Food vendors at Fenway Park in Boston have filed a class action against Aramark Sports LLC, their employer, alleging that the company assessed service charges and then did not pay the service charges out to the employees.  The suit also claims improper payment of overtime.

The service charges are added on to anyone buying food at the ballpark.  The workers are paid their hourly wages, but are not given any of the service charge proceeds;  the suit charges that this is "unjust enrichment" to the Company.  The suit also alleges that the Company did not pay wages timely, did not properly calculate overtime and docked employees for breaks they did not take.

The suit was filed in state court, but the Company lawyers have sought to remove it to federal court, based on the theory that this suit is preempted by federal labor law, meaning that the suit is based on interpretations of labor contracts and therefore should not be in a court.  The Company also maintains that as the suit would seek to include more than 100 people, the Class Action Fairness Act of 2005 mandates that the action be heard in federal court.  This fairly new law provides that federal courts have jurisdiction over any class action that involves more than 100 workers and the alleged amount at issue exceeds $5,000,000 must be brought in federal court. 
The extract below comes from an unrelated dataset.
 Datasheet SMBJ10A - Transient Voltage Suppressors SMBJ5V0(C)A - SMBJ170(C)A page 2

There have been a number of these service charge/tip cases working their way through the courts.  The recent Starbucks case, that I reported on a few weeks ago, involved similar allegations.  Where a service charge assessed to customers is advertised by the Company (or restaurant) as a "gratuity" or where the company indicates that these service charges will be distributed to employees and they are not, that forms the basis for a lawsuit (and bad employee relations).

Change up or fast ball?  We'll see.

 

Tyson Seeks Supreme Court Review of Working Time Definition

Lawyers for Tyson Foods Inc. have petitioned the United States Supreme Court to hear the case involving the issue of whether "work" must involve some physical exertion.  The Third Circuit Court of Appeals ruled that  the need to put on safety/protective clothing constituted work although no real physical effort was involved.
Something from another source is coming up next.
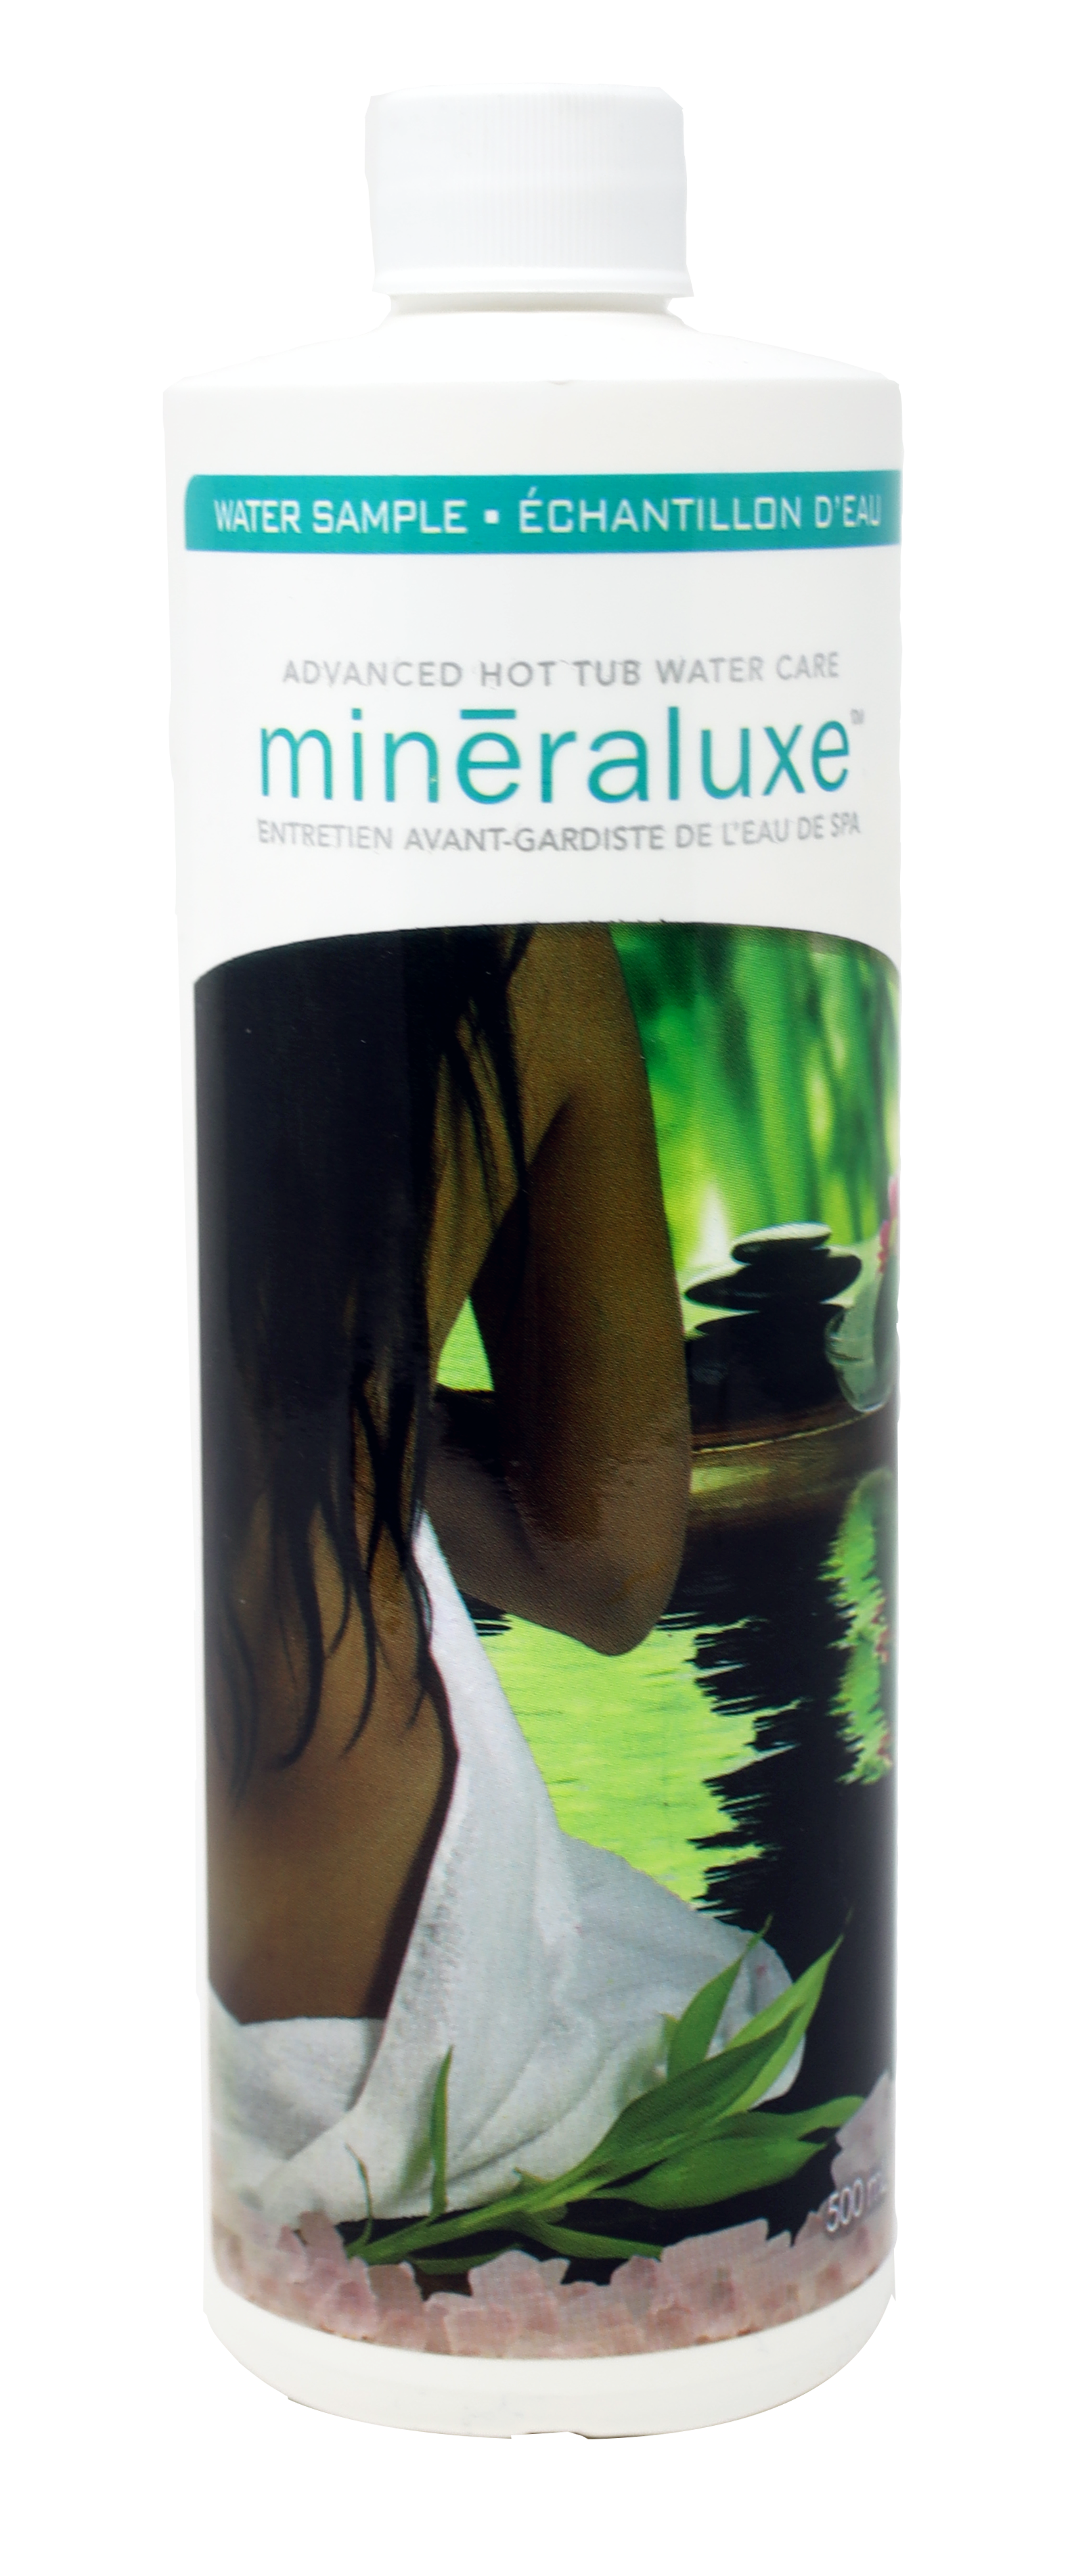 Mineraluxe Water Sample 1 X 1 Pint

The Company is contending that this ruling conflicts with a sixty-year old Supreme Court ruling, requiring some exertion by the worker.  Tyson is currently facing more than thirty such class action suits, so the Company has quire a vested interest in taking this case all of the way.

This is a momentous case and the Supreme Court ruling, which may not issue for up to one year, will have a tremendous effect on the world of work.  As the law currently stands, if an activity is integrally related to the primary job function, the time spent engaged in that activity (i.e. donning and duffing clothing) is compensable.  If the Supreme Court ruled that some physical exertion was necessary, that would bode well for employers (and defendants).
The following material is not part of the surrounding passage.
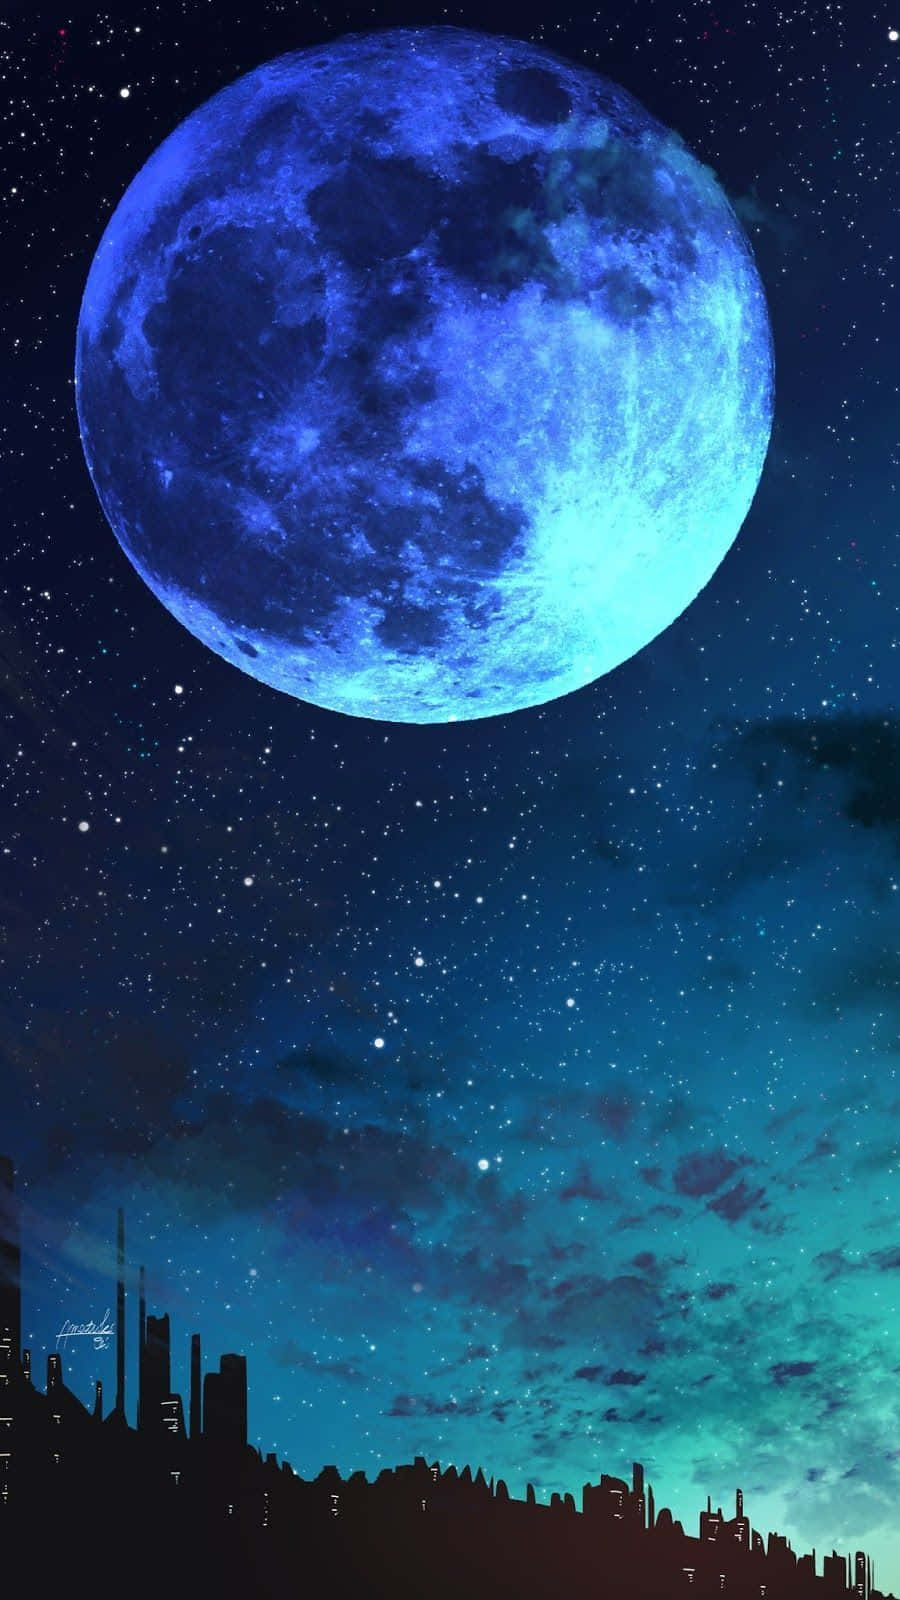 Seek adventure beyond the horizon with the Moon Iphone Wallpaper

I still maintain that the connection between the activity and the work is the key, not whether sweat has to be generated.  We'll all find out. 

 

Starbucks Really Hits The Grinds

A state court judge in California has ordered Starbucks to pay more than 105 million dollars in back wages to servers and other employees because the tip pool included managers, which is a clear-cut  violation of the law.

There are 120,000 people covered in the case.  The court also ordered injunctive relief, barring Starbucks from continuing to have management-type people taking part in the tip pool.  The court ruled that the supervisors were "agents" of the company and thus could not share in the tip pool.  This sends the clear message that even huge corporations are not above the law.  The Company plans to appeal.  More to follow.

The lesson---this all started from the complaint of a single employee, which then mushroomed into this gigantic debacle.  Every company, restaurant, trucking company, computer software company, whatever, must continually analyze its compensation practices, with an eye towards the special industry that the employer is in and any special rules (state or federal) that apply to that industry/business.

The ever present danger of a single employee starting a nationwide class action is the specter that should scare employers into such analyses.